A shift favoring excitatory over inhibitory neurotransmission can lead to excessive neural activation, autonomic dysfunction, sensory hypersensitivities, sleep disturbances, and cognitive impairment. Reduced GABAergic tone combined with increased glutamatergic and noradrenergic activity may elevate skeletal muscle tone, contributing to calcium overload, mitochondrial dysfunction, exertional intolerance, and post-exertional malaise. Various pharmacological treatments may partially rebalance these neurotransmitter systems, but limited efficacy highlights the need for systematic investigation and individualized strategies.

Source: Wirth KJ, Scheibenbogen C. Imbalance of Excitatory and Inhibitory Neurotransmitter Systems in Myalgic Encephalomyelitis/Chronic Fatigue Syndrome.
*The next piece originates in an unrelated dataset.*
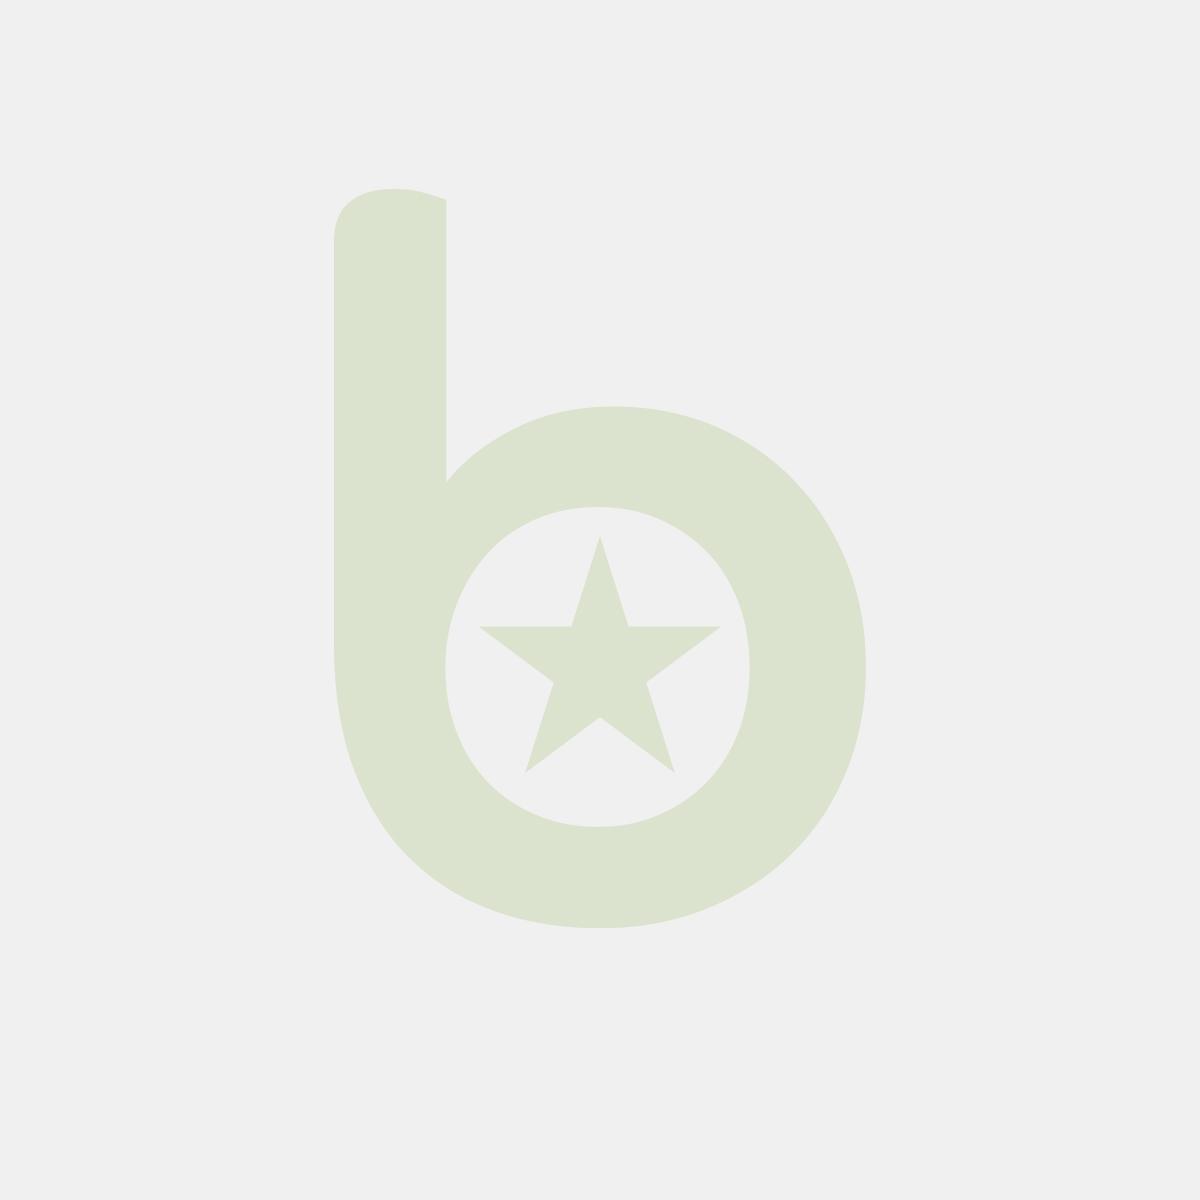 Świece stożkowe 25cm op.50szt morelowe średnica 2,2cm

Int J Mol Sci. 2026 Apr 30;27(9):4041. doi: 10.3390/ijms27094041. PMID: 42123618. https://www.mdpi.com/1422-0067/27/9/4041 (Full text)
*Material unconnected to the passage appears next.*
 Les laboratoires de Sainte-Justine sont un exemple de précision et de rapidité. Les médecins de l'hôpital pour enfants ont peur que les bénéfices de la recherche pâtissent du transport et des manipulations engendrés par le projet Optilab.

Systematic Examination of Gene Expression and Proteomic Evidence Across Tissues Supports the Role of Mitochondrial Dysregulation in ME/CFS

Abstract:

Myalgic encephalomyelitis/chronic fatigue syndrome (ME/CFS) is a chronic, multisystem disease characterized by post-exertional malaise and persistent fatigue. The cause of ME/CFS is not well understood, and there are no established biomarkers or FDA-approved pharmacotherapies. The clinical heterogeneity of ME/CFS presents challenges to diagnosis and treatment and necessitates collaborative efforts to generate robust findings. This study leveraged gene and protein expression data from the mapMECFS data repository and the DecodeME Genome-Wide Association Study (GWAS) to assess consistent gene signatures across studies.
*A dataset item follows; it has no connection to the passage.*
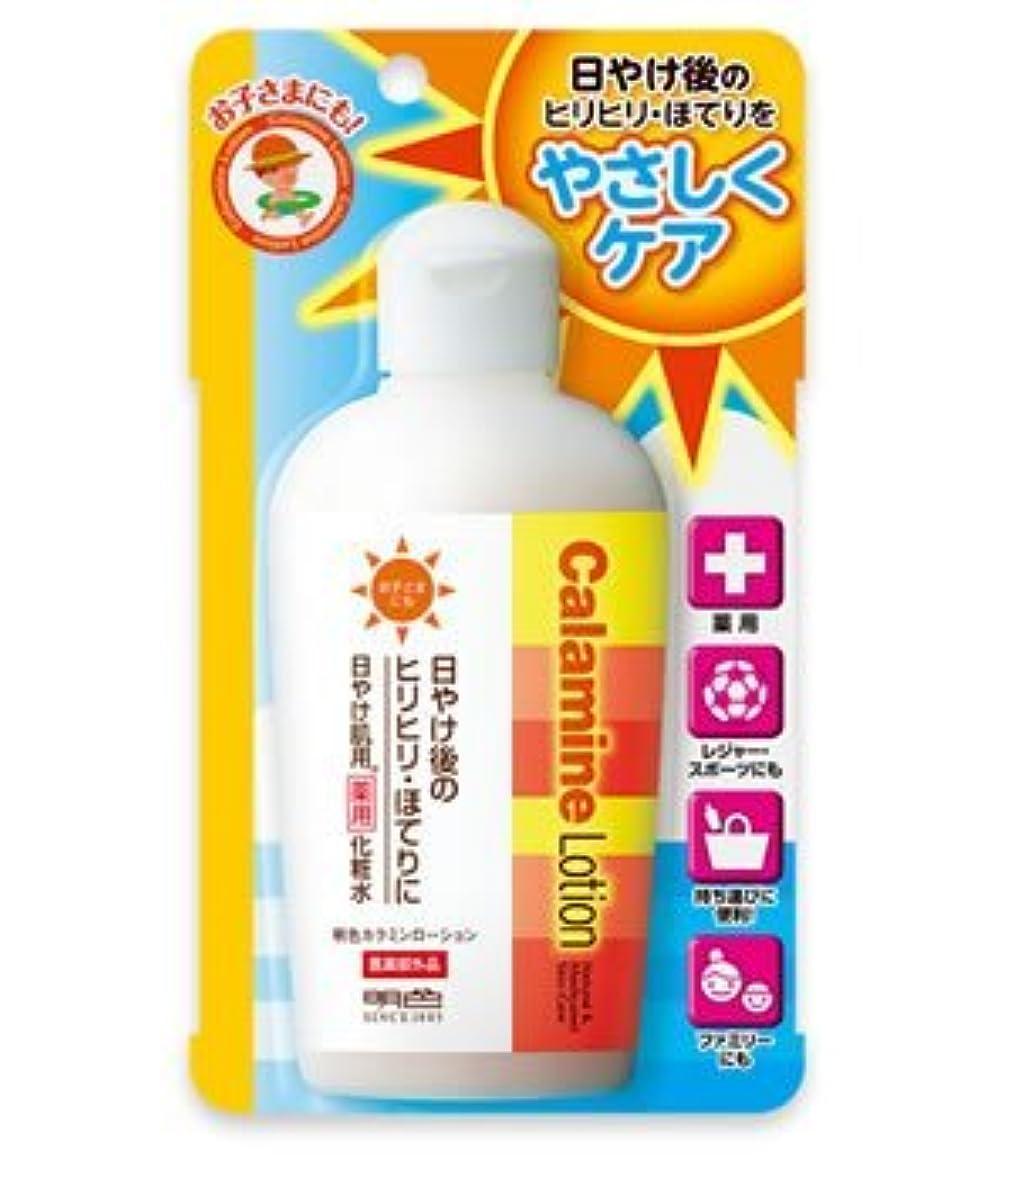 物質関係ないリフト(明色)カラミンローション155ml(医薬部外品)

The mitochondrial genes MT-RNR1 and MT-RNR2 exhibited lower expression in ME/CFS cases in two studies. Combining this with increased expression of mitochondrial genes in platelets from another study, this supports mitochondrial dysregulation as having a role in ME/CFS.

Furthermore, ME/CFS-associated genes were mapped to compounds in drug databases as possible treatments for further investigation. In muscle gene expression data, 107 approved compounds target 26 genes with functions relevant to mitochondrial support and immunomodulators. From the DecodeME GWAS, 83 approved compounds target 24 genes with functions related to energy metabolism and mitochondrial function.

Though little consistency in specific genes was observed across studies, which highlights the need for larger studies, mitochondrial dysfunction in ME/CFS cases was evident across studies.

Source: Keele GR, Enger M, Barnette Q, Ruiz-Esparza R, Alvarado M, Mathur R, Stratford JK, Giamberardino SN, Brown LM, Webb BT, Carnes MU. Systematic Examination of Gene Expression and Proteomic Evidence Across Tissues Supports the Role of Mitochondrial Dysregulation in ME/CFS. Int J Mol Sci. 2026 Feb 19;27(4):1997. doi: 10.3390/ijms27041997. PMID: 41752134. https://www.mdpi.com/1422-0067/27/4/1997 (Full text)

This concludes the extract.